I feel the need to write my thoughts on the “scandal” being referred to as “Climategate.” In case you’ve missed it, here’s a summary from Brad Johnson of Think Progress’s Wonk Room:

Two weeks ago, thousands of illegally hacked emails from a British climate research center were dumped on a Russian webserver, timed to influence the politics of of the international climate negotiations commencing next week in Copenhagen, Denmark. Beginning Thanksgiving week, conservative media and Republican politicians have compared the climate scientists whose private emails were hacked to Hitler, Stalin, and eugenicists, saying they are involved in a global conspiracy to defraud and possibly take over the world. The Climategate “scandal” — a swiftboating intimidation and smear campaign against science — is the right-wing rage from Stephen Dubner to Sarah Palin, Glenn Beck to Lou Dobbs. Like the original Watergate scandal involving right-wing operatives who burglarized the offices of their political opponents, the real crime is the original break-in.

Now, I haven’t been reading that much about this, because after determining that it wasn’t a big deal, I was not interested in hearing more right-wing hysteria. But as I understand it, the scientists in question were merely sexifying their data in order to make trends clearer. Furthermore, they weren’t doing so arbitrarily like so many of us would be prone to do, but instead were applying specific algorithms.
Also, as Jeff Masters of Weather Underground is quoted on Climate Progress, “Even if every bit of mud slung at these scientists were true, the body of scientific work supporting the theory of human-caused climate change—which spans hundreds of thousands of scientific papers written by tens of thousands of scientists in dozens of different scientific disciplines—is too vast to be budged by the flaws in the works of the three or four scientists.”

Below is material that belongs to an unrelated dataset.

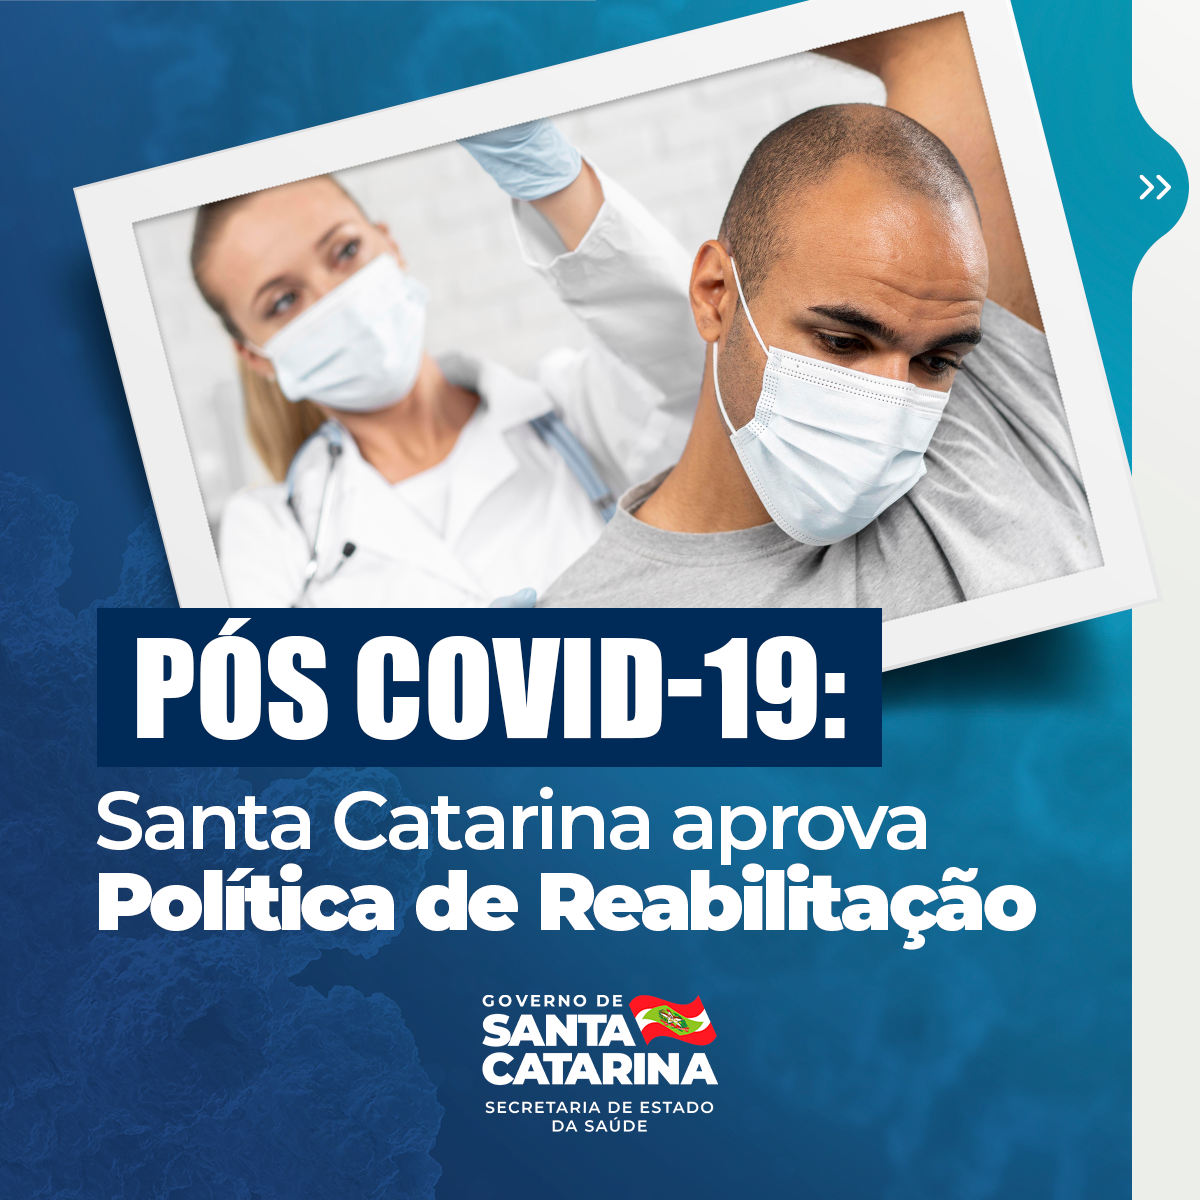 Santa-Catarina-aprova-Política-de-Reabilitação-para-pacientes-pós-Covid-19_01.png

Frankly, I’m pretty frustrated with our country’s traditional media for not asserting this point more into their conversations. David Roberts puts it really well (as he always does):

[The right-wing noise machine] is an industry that uses dishonesty to defend corporations. Plain and simple. Everyone ought to know that by now and it ought to frame media coverage of these dreary “skeptic” controversies. Yet the press seems to think that every new claim or contrived controversy from the industry deserves to be met with the same furrowed brow, the same quote and counter-quote presentation of “sides,” the same chin-scratching atmospherics of doubt. It’s always the world’s scientists and scientific institutions being asked to defend their integrity, not the professional dissemblers and character assassins.

We just need to keep these points in mind when we watch, read, or listen to the news these days, I guess.

One Reply to “Climategate”

  1. Ugh. It’s just so disheartening to always be on the side that gets continually slandered by a bunch of people hired by corporate interests. These people really just don’t have credibility to me there tactics are so see-through and merit-less, but a whole lot of people (like my grandmother and father) pay attention to what they have to say.

    I guess this is why we need to just keep working hard make sure that the voices of reason are not drowned out by these people.